BACK UP: Warren Ellis ponders always-on “memory prosthetics,” quoting Matt Webb:
“Sooner or later, every single conversation I have will be recorded and transcribed and I’ll be able to look back at it later – details from a phone call with the bank, in the hardware store asking a question, someone mentions a book at the pub, an idea in a workshop. Ignoring the societal consequences for a sec lol ahem… how should the app to manage all that chatter work?”

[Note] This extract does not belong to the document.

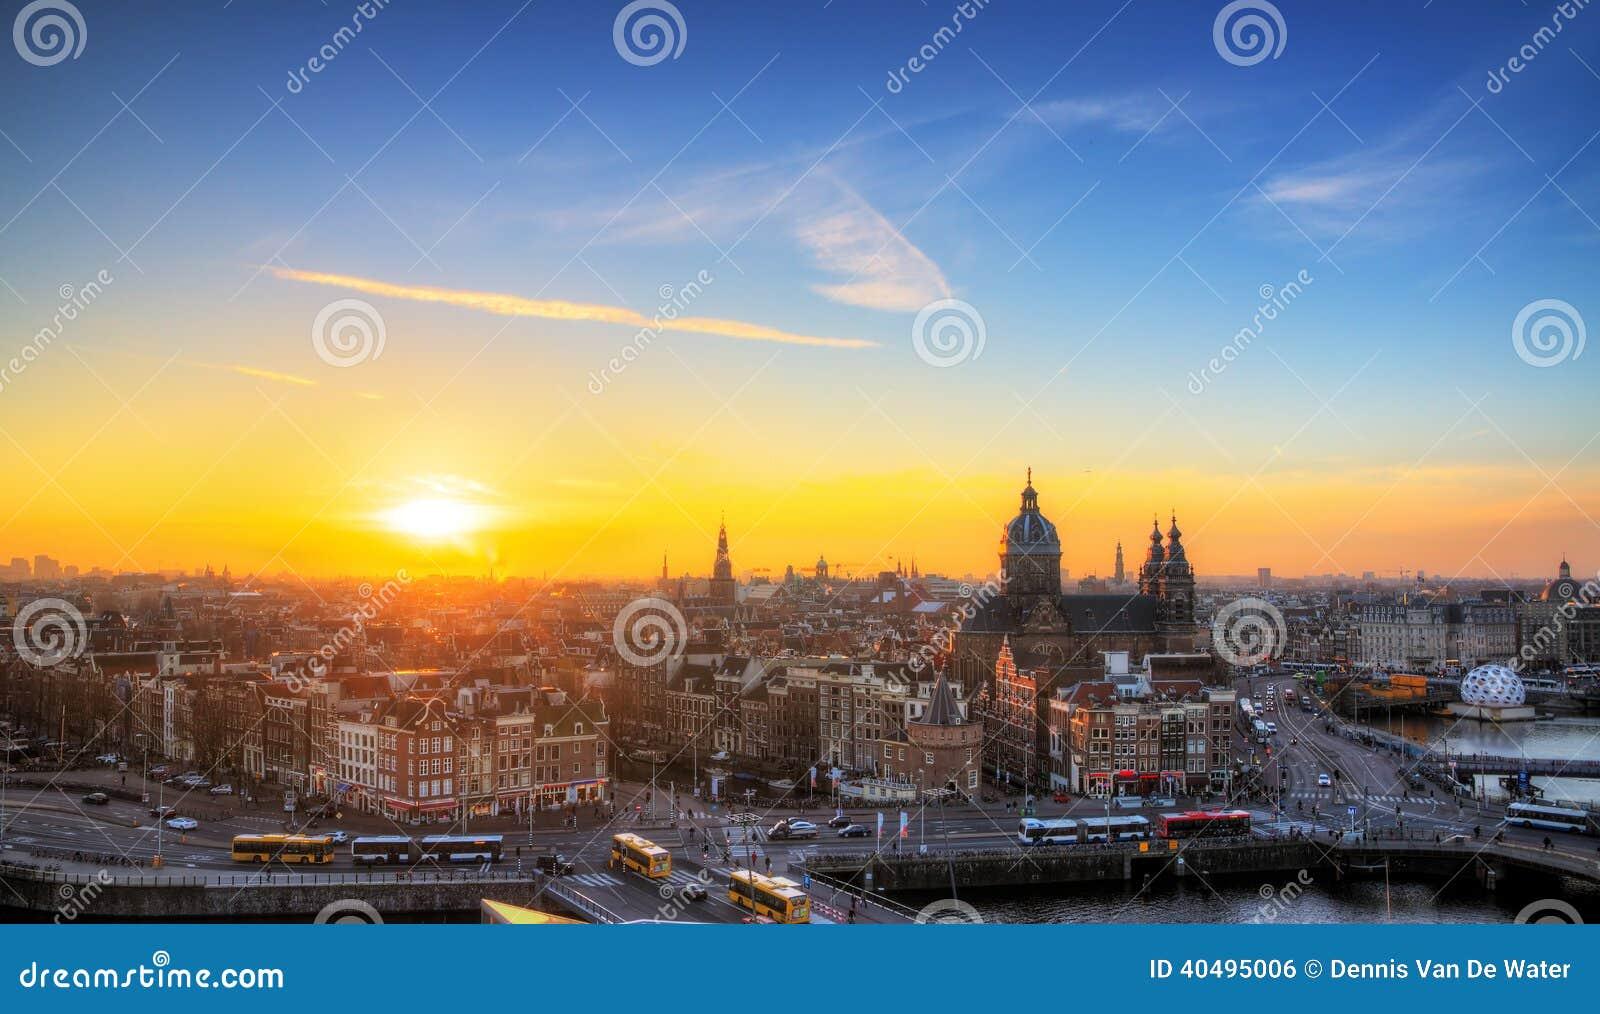 Amsterdam Sunset Skyline Stock Photo Image 40495006

QUICK NOTES: BOW FLEX: The Musée Mécanique, here in San Francisco, where I live, has a thing called the Mills Bow-Front Violano Virtuoso, “a century-old self-playing device which performs duets on piano and violin.” (Thanks, Rich Pettus!)WHAT’S SHAKIN’?: All about EarSpy, an experiment in using motion sensors to tap into mobile phone conversations. ▰ WAX ON: A device called the Endpoint Cylinder and Dictabelt Machine has allowed fragile wax cylinders, over 100 years in age, to be digitized. (Thanks, Brian Biggs!)BOSS LEVEL: What is the greatest ever sound effect from a video game? ▰ DEVOTION COMMOTION: Reportedly there is faith-based sonic warfare happening in the Indian state of Andhra Pradesh through loud prayer. ▰ LATEST BUZZ: Perhaps the first instance of a mysterious hum in 2023 has been reported in the town of Hinckley in Leicestershire, England.